In fact, the report concluded, if the company “had used a more appropriate discount rate to compute the present value of future cash flows, the residual interest valuations would have been reduced by at least $14.8 million as of Dec. 31, 2005.” The discount rate was the second major accounting concern of the investors, who identified “at least seven wide-ranging improper accounting practices.” The first issue was the level of repurchase reserves.

For years, according to the report, top managers “turned a blind eye to the increasing risks of New Century’s loan originations and did not take appropriate steps to manage those risks.” But people interviewed by the investigators during the five-month probe “claimed that KPMG actually recommended the improper changes to the repurchase reserve calculation that were made in the second and third quarters of 2006.”

In a statement to CFO.com from KPMG spokesman Dan Ginsburg, the accountancy said: “We strongly disagree with the report’s allegations concerning KPMG. We believe that an objective review of the facts and circumstances will affirm our position.”

Unsecured creditors of New Century, however, had been pushing since the middle of last year to include KPMG’s role in the collapse of the mortgage lender.

The abuses and the accounting flaws at New Century worsened during 2006, according to Missal’s report. And while the situation spiraled out of control that year — both internally at New Century, and externally in the subprime market — for several months there was no one actively filling the company’s CFO post.

Officially, the finance chief was Patti Dodge, a long-time executive there. “But the board members just didn’t like her,” Missal tells CFO.com. In March 2006, his investigation showed, “they decided to replace her, and she moved over to investor relations.” But since Taj Bindra didn’t come on board until November, “there was a real void there.
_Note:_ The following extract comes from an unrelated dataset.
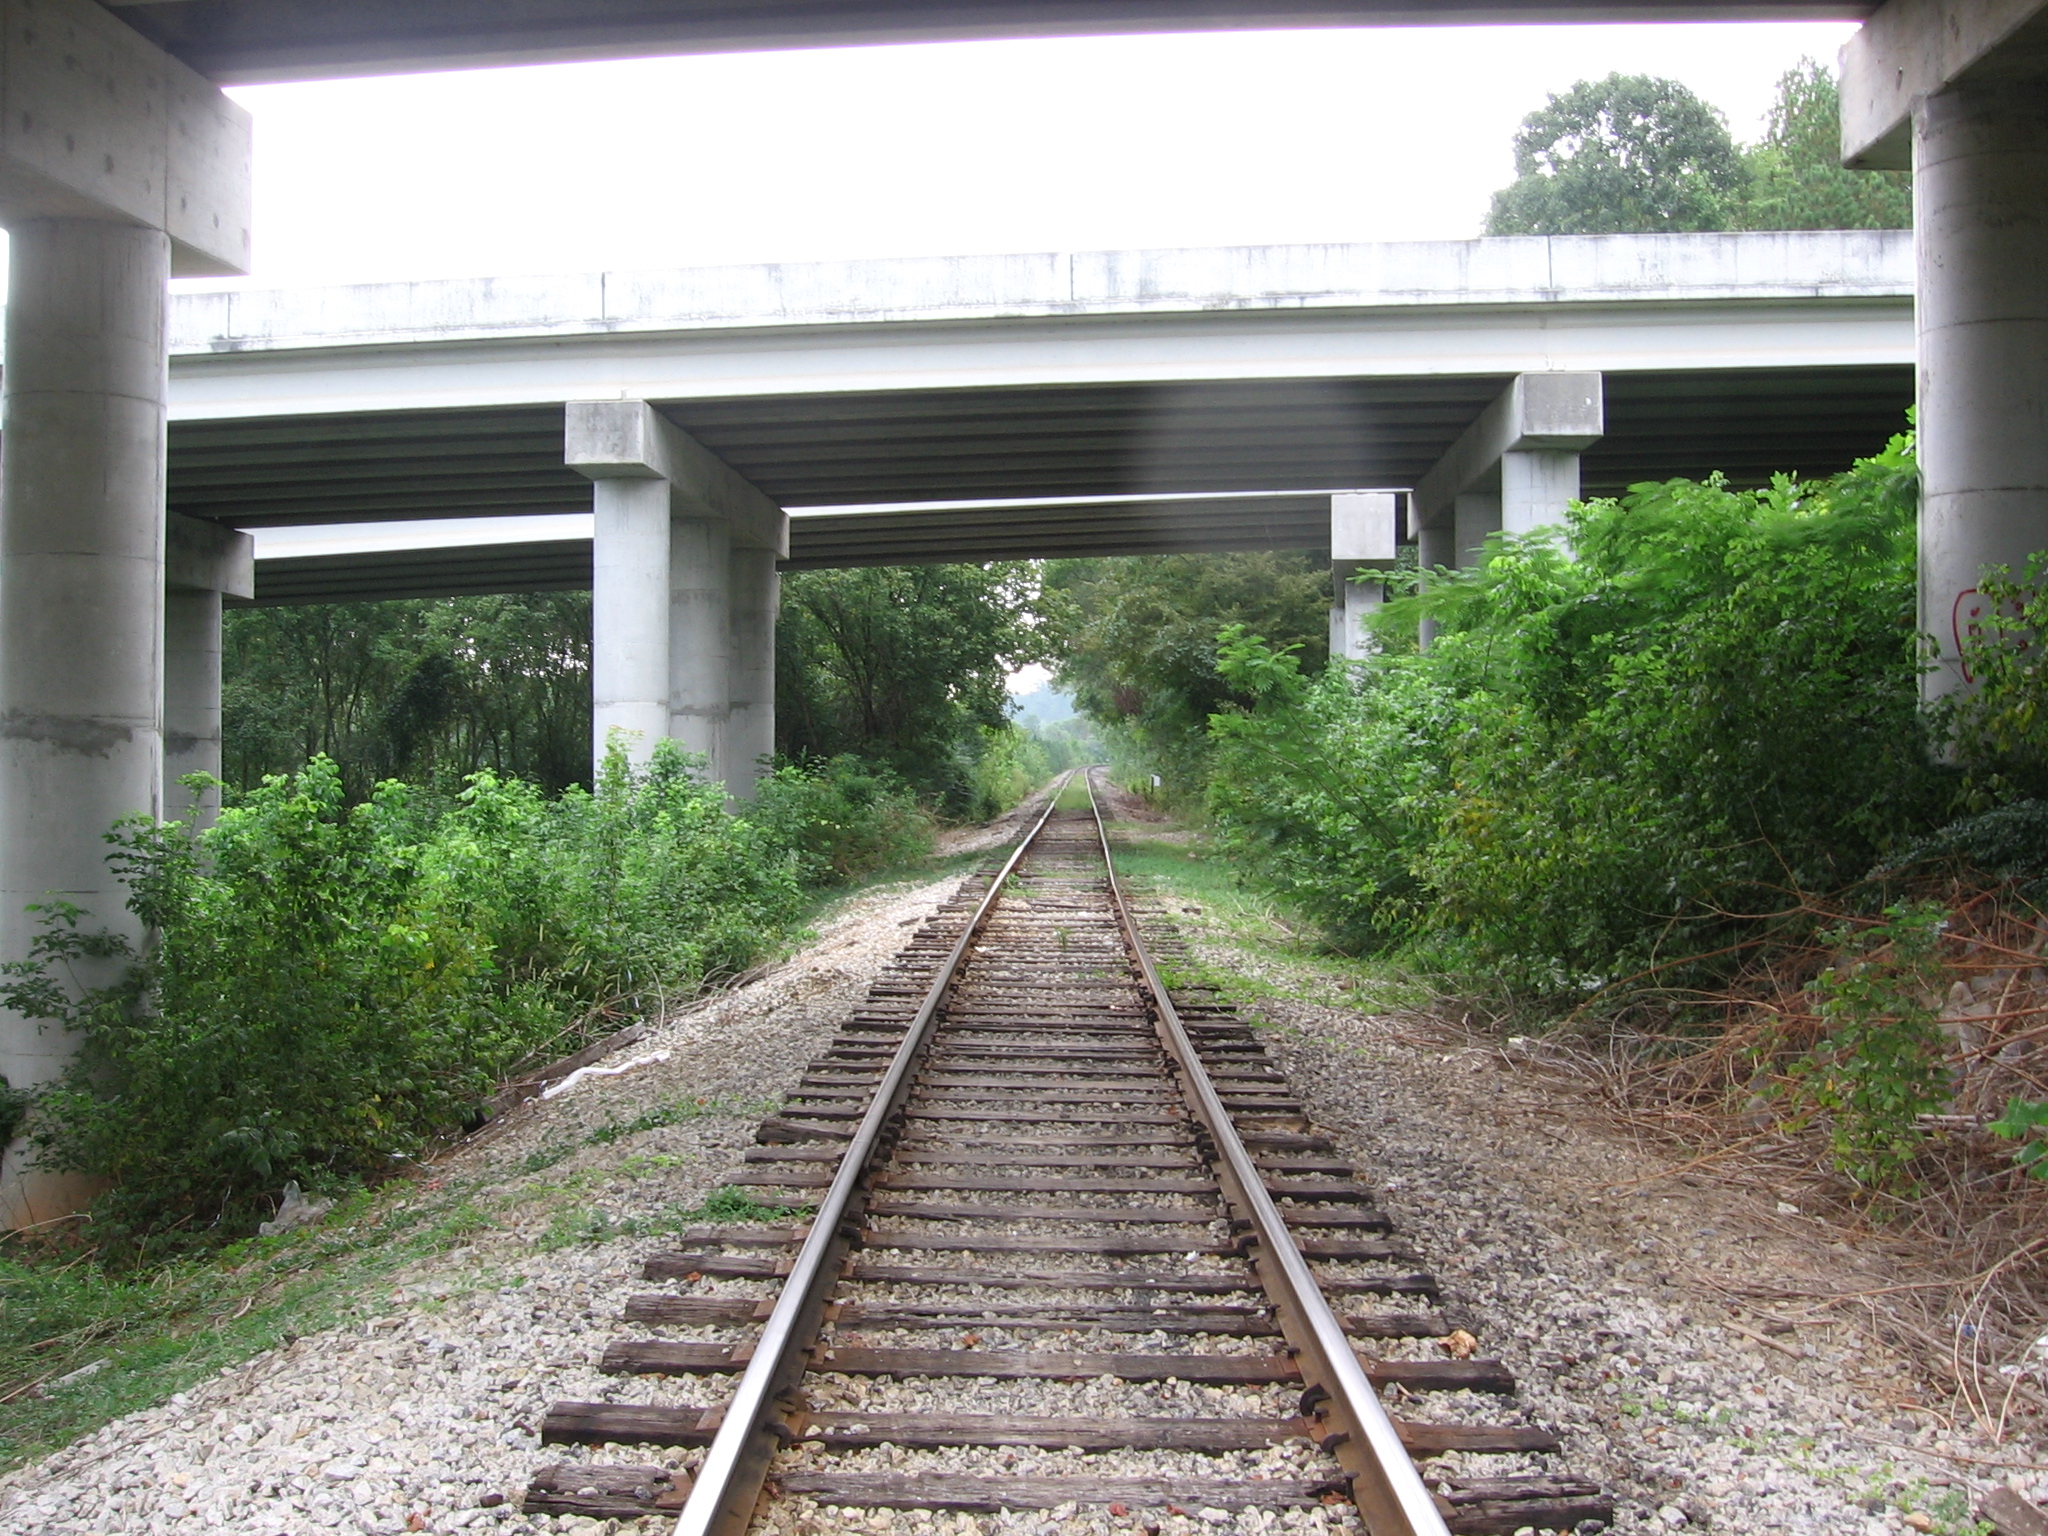 a railroad track beneath an overpass that crosses underneath an overpass

And the markets were going haywire.”

Bindra was brought on as executive vice president effective Nov. 6, and CFO effective Nov. 15. He became a member of the executive management committee, reporting to president and CEO Brad Morrice. In its announcement of Bindra’s naming, New Century pointed out that he had 18 years of senior-management experience in financial services, having worked at JPMorgan Chase before moving to Washington Mutual.

While Bindra provided bankruptcy court investigators with good information, Missal told CFO.com, “he wasn’t there for much of the time, and there wasn’t a lot for him to say,” beyond describing the problems that he discovered.

Missal adds the New Century investigation to an impressive and eclectic list of credentials, which include serving as lead counsel to the examiner in the WorldCom bankruptcy proceeding, and being lead counsel for CBS’s independent review panel investigating Dan Rather’s September 2004 report on “60 Minutes Wednesday,” which reported on the status of President Bush’s Texas Air National Guard Service.

Of these varied assignments, the practice area leader for the law firm of Kirkpatrick & Lockhart Preston Gates Ellis says: “They’re all a little different. This one was difficult to do given the time involved, and some of the cooperation issues.”

At one point, KPMG refused to provide documents to Missal, according to the report, and objected to the subpoena that eventually was issued, before reaching a settlement and providing documents late last August. That was “long after most of the KPMG interviews had been completed.”